◆ ACTION ITEM
Exclude images, then output the remaining data verbatim.

◆ RECORDED INFORMATION
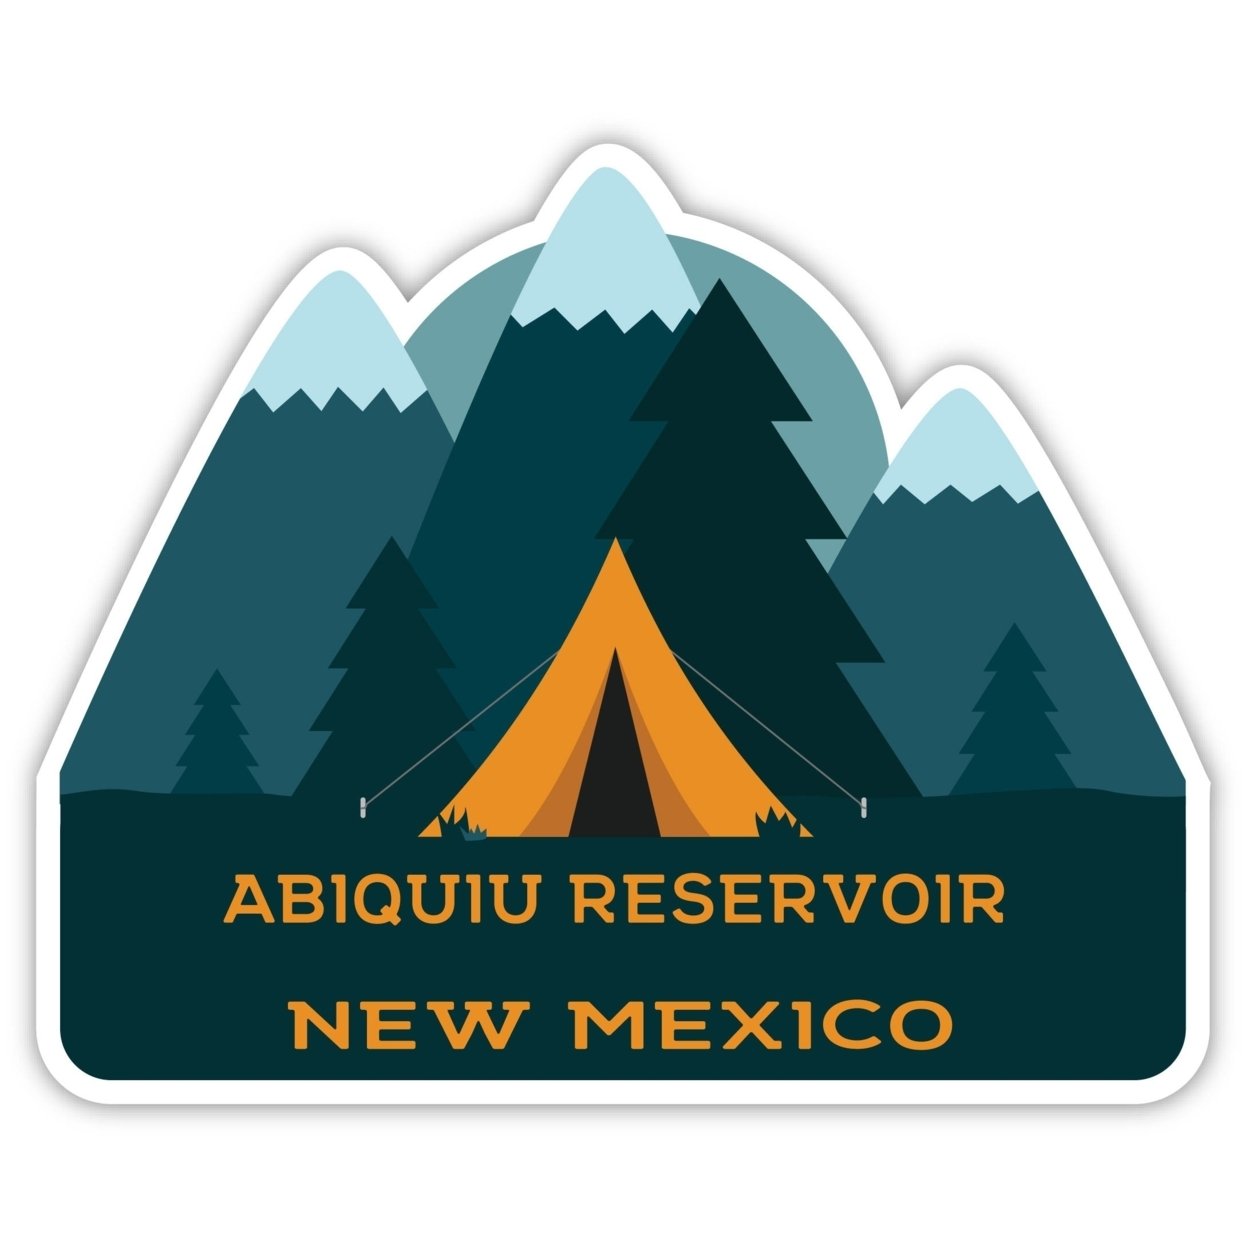 Abiquiu Reservoir New Mexico Souvenir Decorative Stickers (Choose Theme And Size) - Single Unit, 12-Inch, Tent
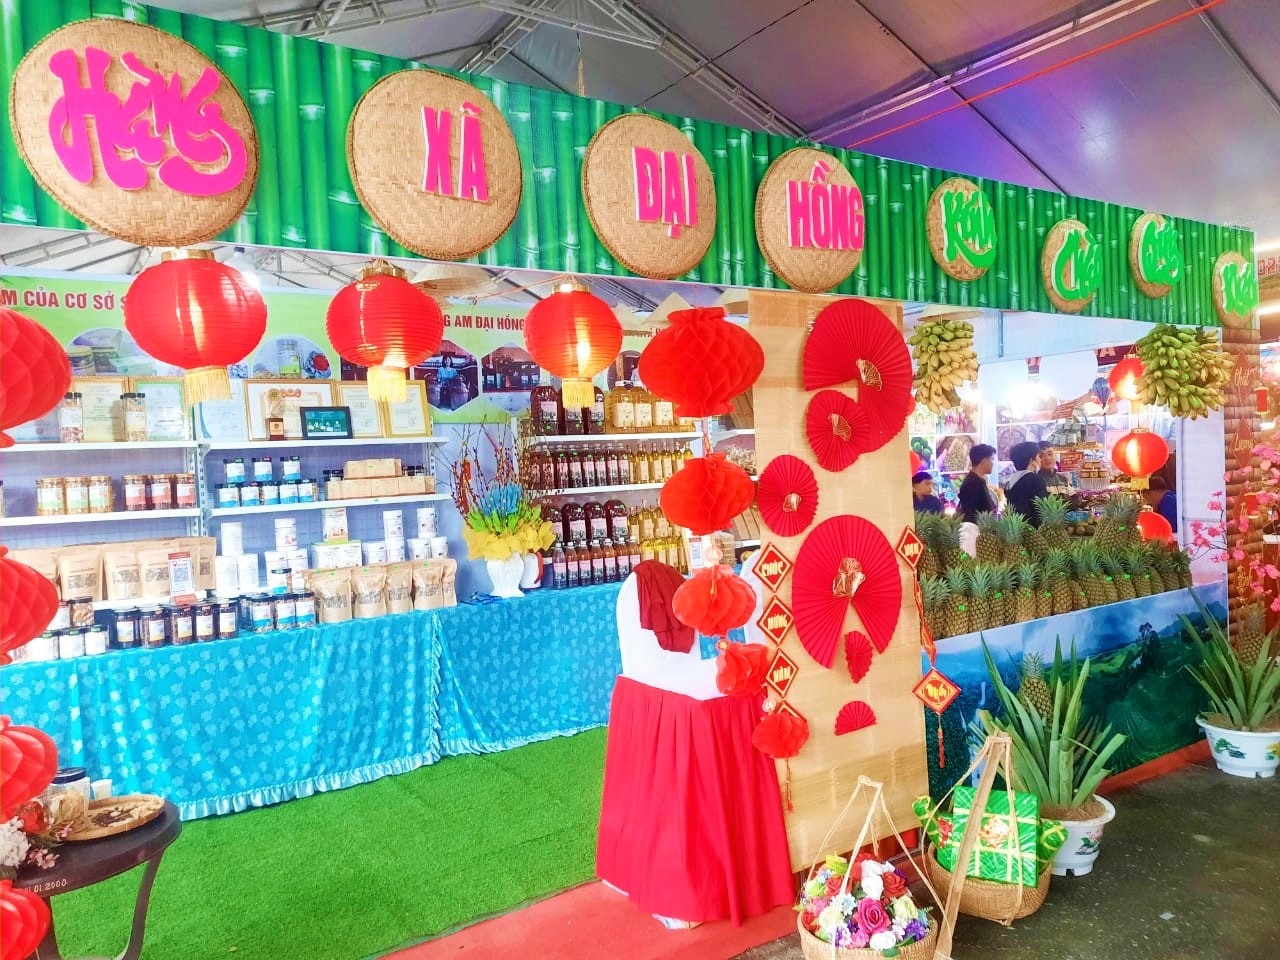 Đa dạng các sản phẩm, mặt hàng tiêu biểu của huyện Đại Lộc và các doanh nghiệp trong và ngoài tỉnh được bày bán tại Hội chợ Triển lãm.
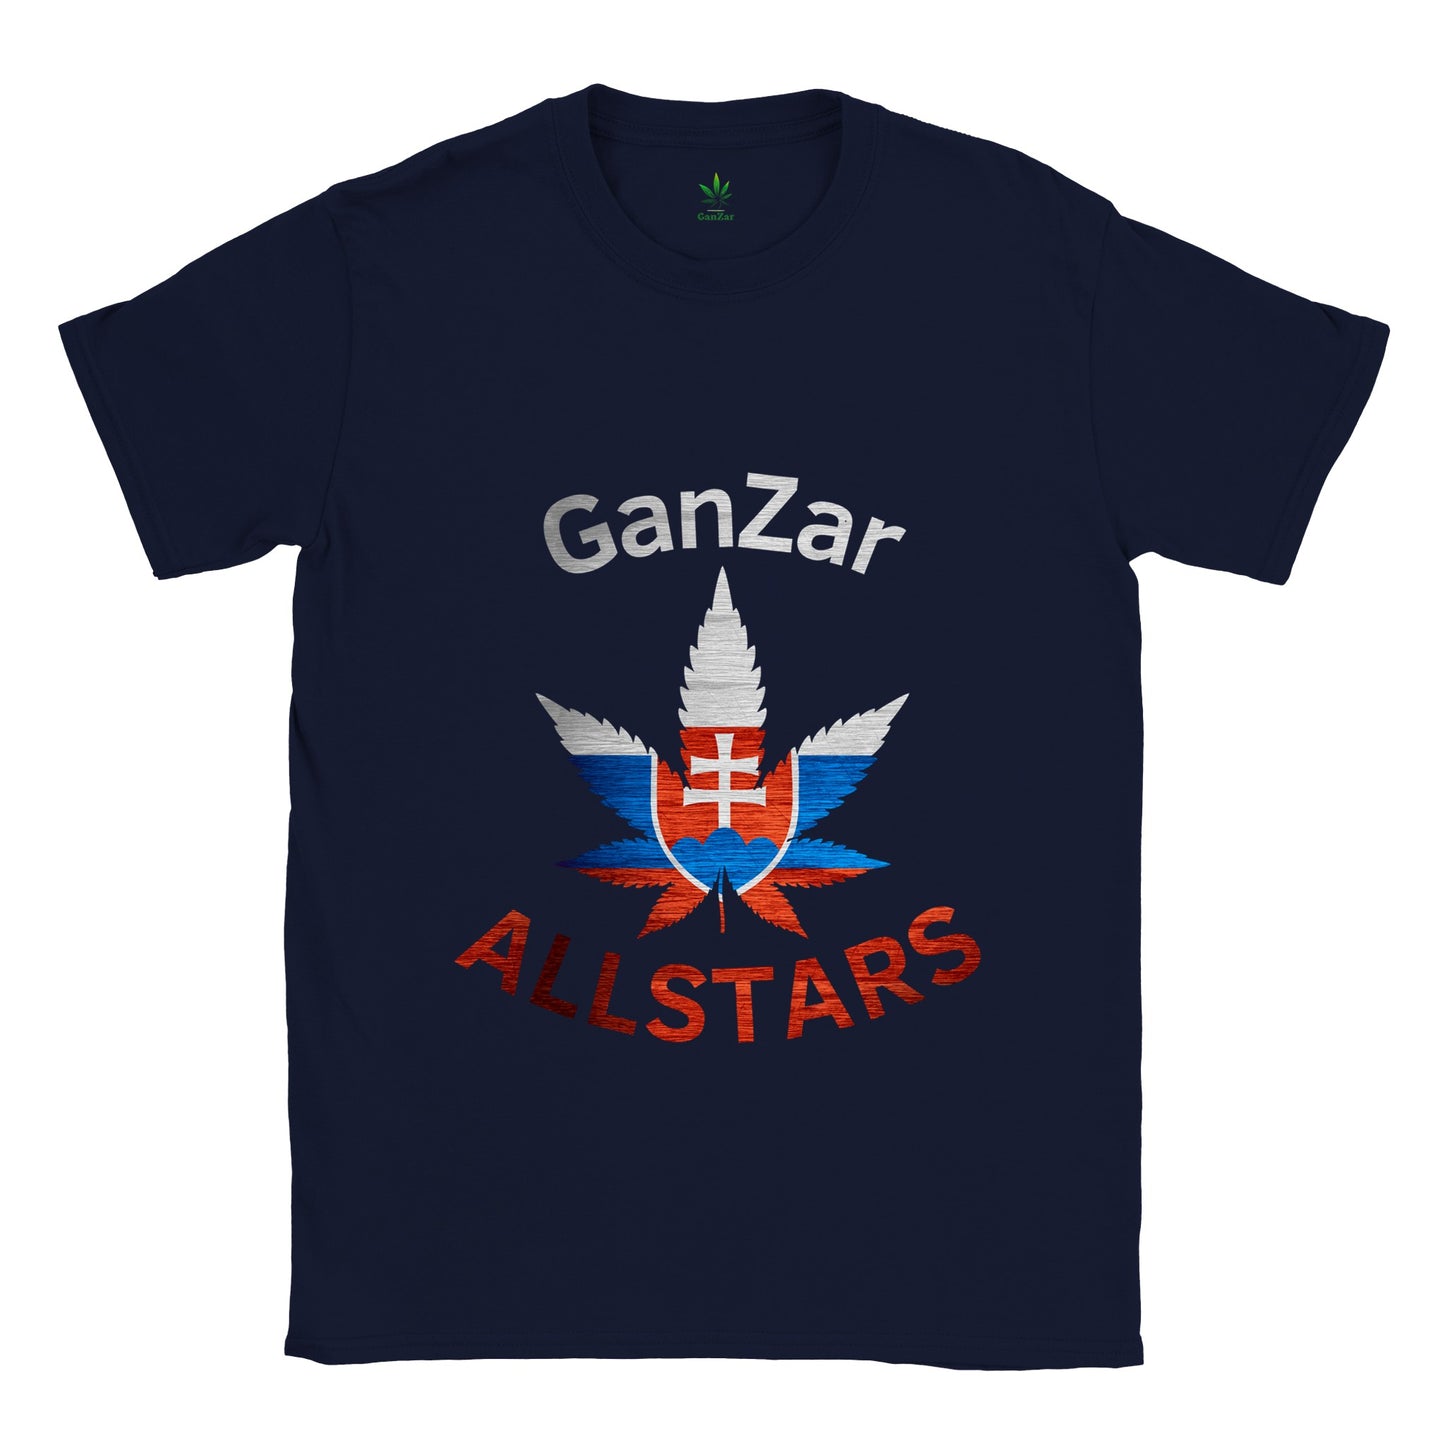 Slovakia GanZar Allstars Unisex T-Shirt

◆ EXPECTED ANSWER
 Abiquiu Reservoir New Mexico Souvenir Decorative Stickers (Choose Theme And Size) - Single Unit, 12-Inch, Tent
 Đa dạng các sản phẩm, mặt hàng tiêu biểu của huyện Đại Lộc và các doanh nghiệp trong và ngoài tỉnh được bày bán tại Hội chợ Triển lãm.
 Slovakia GanZar Allstars Unisex T-Shirt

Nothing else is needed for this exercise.